ONE FAMILY’S TRIUMPH OVER THE CASTE SYSTEM IN MODERN INDIA

This Indian bestseller will strike a chord in the U.S.

A loving paean to courageous parents, and an indicting portrait of prejudice in modern-day India.

Economist Jadhav grew up in a family of “Untouchables,” or, more properly, Dalits (literally the downtrodden, or the oppressed, a term used primarily to refer to those descended from Untouchables). Although the 1950 constitution outlawed the caste system, discrimination against Dalits still saturates India. “Over the years,” explains Jadhav, “the caste system has taken on sophisticated dimensions; it has become subtler, though no less pernicious.” Here, Jadhav tells the story of his parents—a hard-working pair who were determined that their son would have a better life. His father, Damu, recalls the day he learned he was an Untouchable. He was a small boy, walking in a village with his own father. Having grown thirsty under the hot son, Damu spied a vat of water that someone had left under a tree—and was told he was not allowed to drink from it. “[W]hen I looked back,” recalls Damu, “[a] dog was lapping up water from the same vat. That was the first time I wondered if it were better to be born a dog.” Inspired in part by the leadership of activist Babasaheb Ambedkar, who devoted his life to organizing the Untouchables and fighting for change in India, Damu began to question the caste system.

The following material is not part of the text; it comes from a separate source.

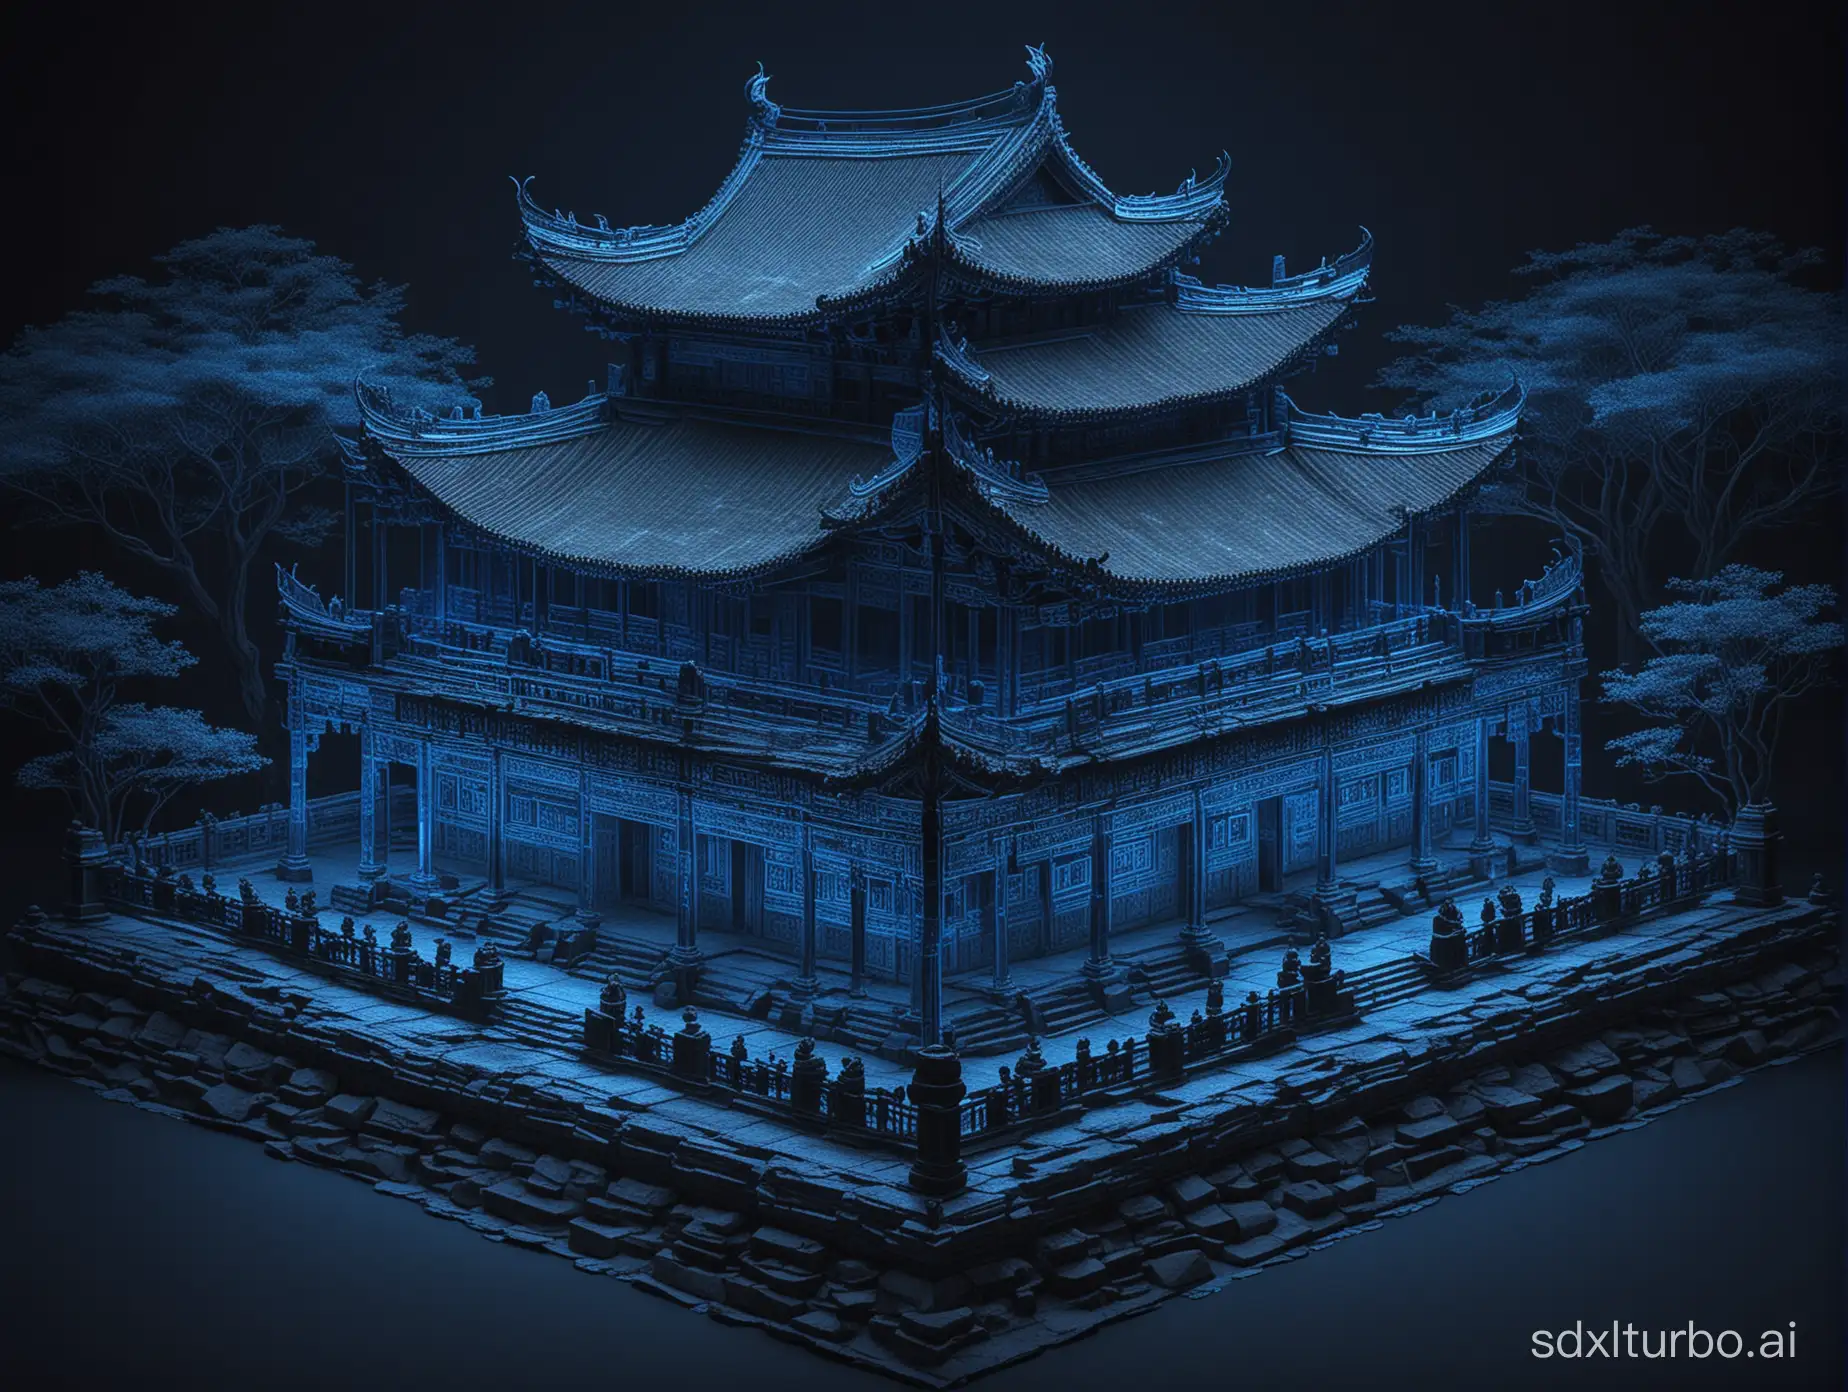 This is a wireframe hologram of the Temple of Literature, with glowing blue lines forming an intricate pattern around its iconic structure against an isolated dark background. The design showcases detailed architectural details and features, creating a visually stunning representation of traditional Chinese architecture.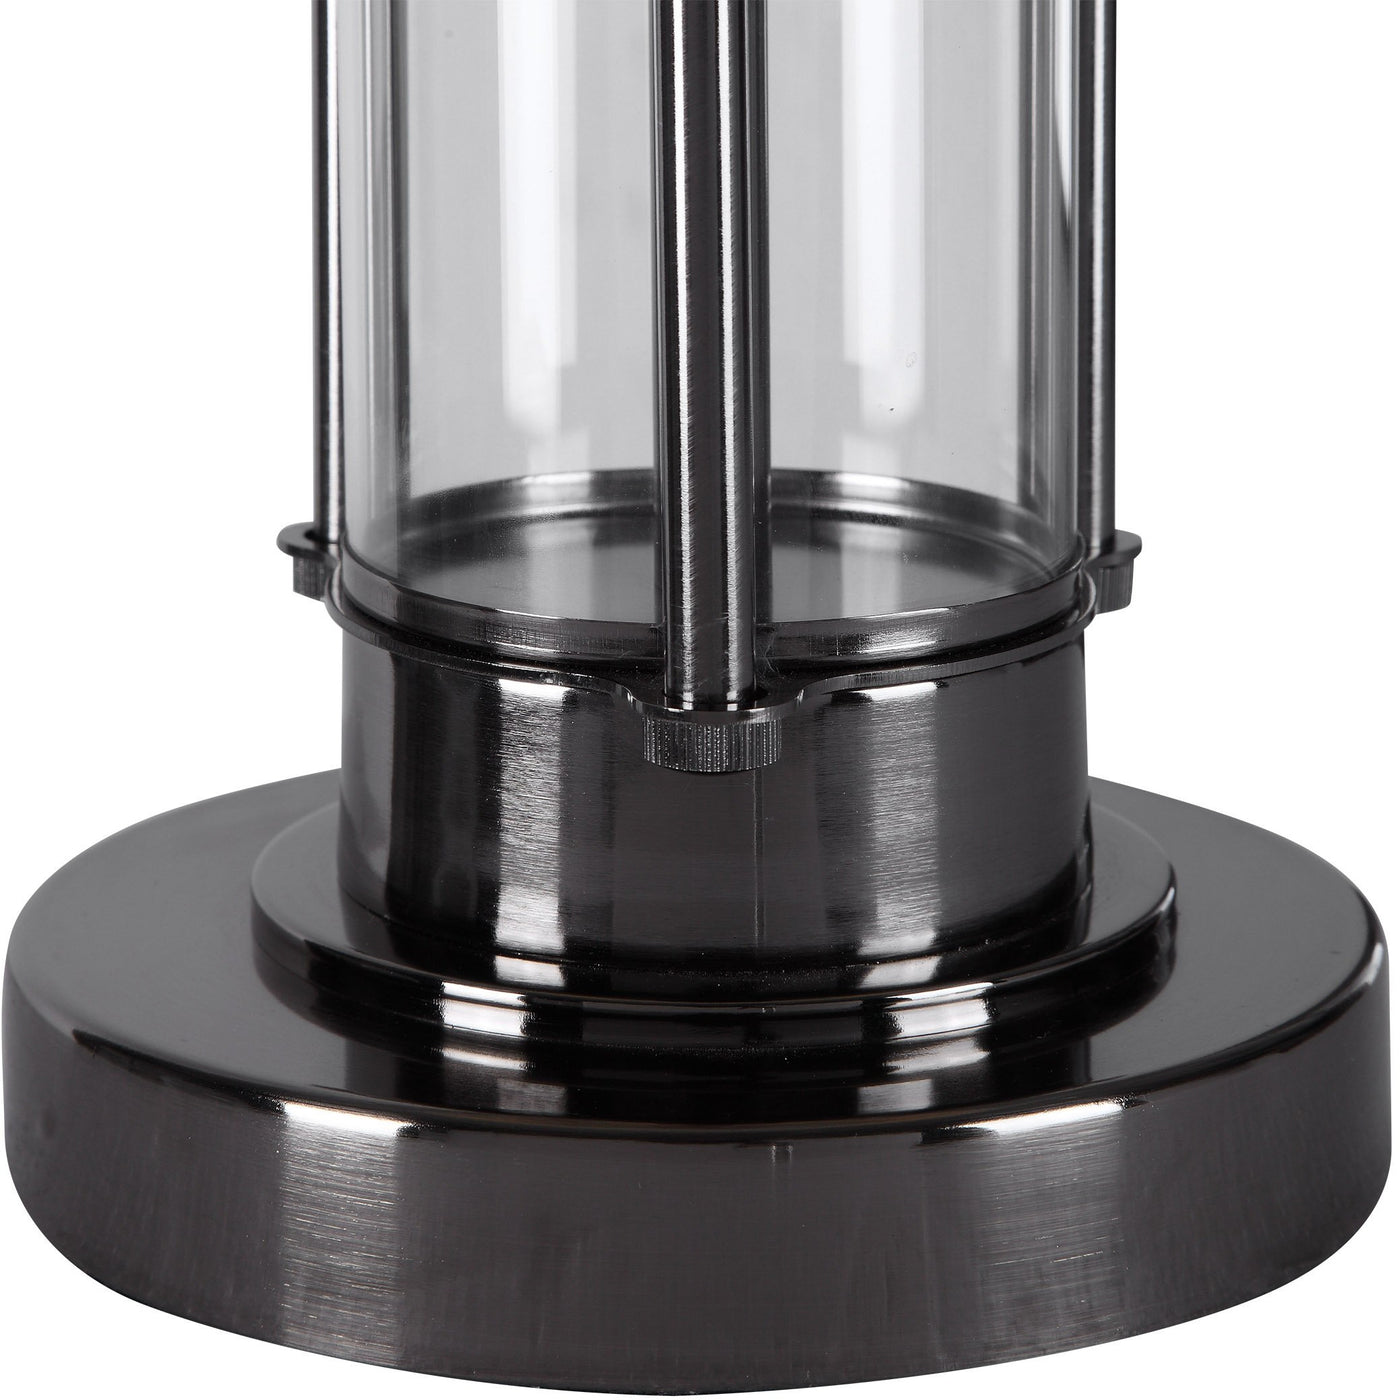 The Murano - Glass Cylinder Table Lamp in Light Black Nickel - Glass.com

Much of this—based in part on Jadhav’s father’s written reminiscences—is told in the first-person, with Jadhav’s parents narrating, a conceit that is, at first, distracting. Concluding chapters describe Jadhav’s education and professional success—and attest to the discrimination that dogged him even after he had earned a Ph.D. and garnered a prestigious job. An engaging afterword by Jadhav’s college-aged daughter carries the generational saga one step further.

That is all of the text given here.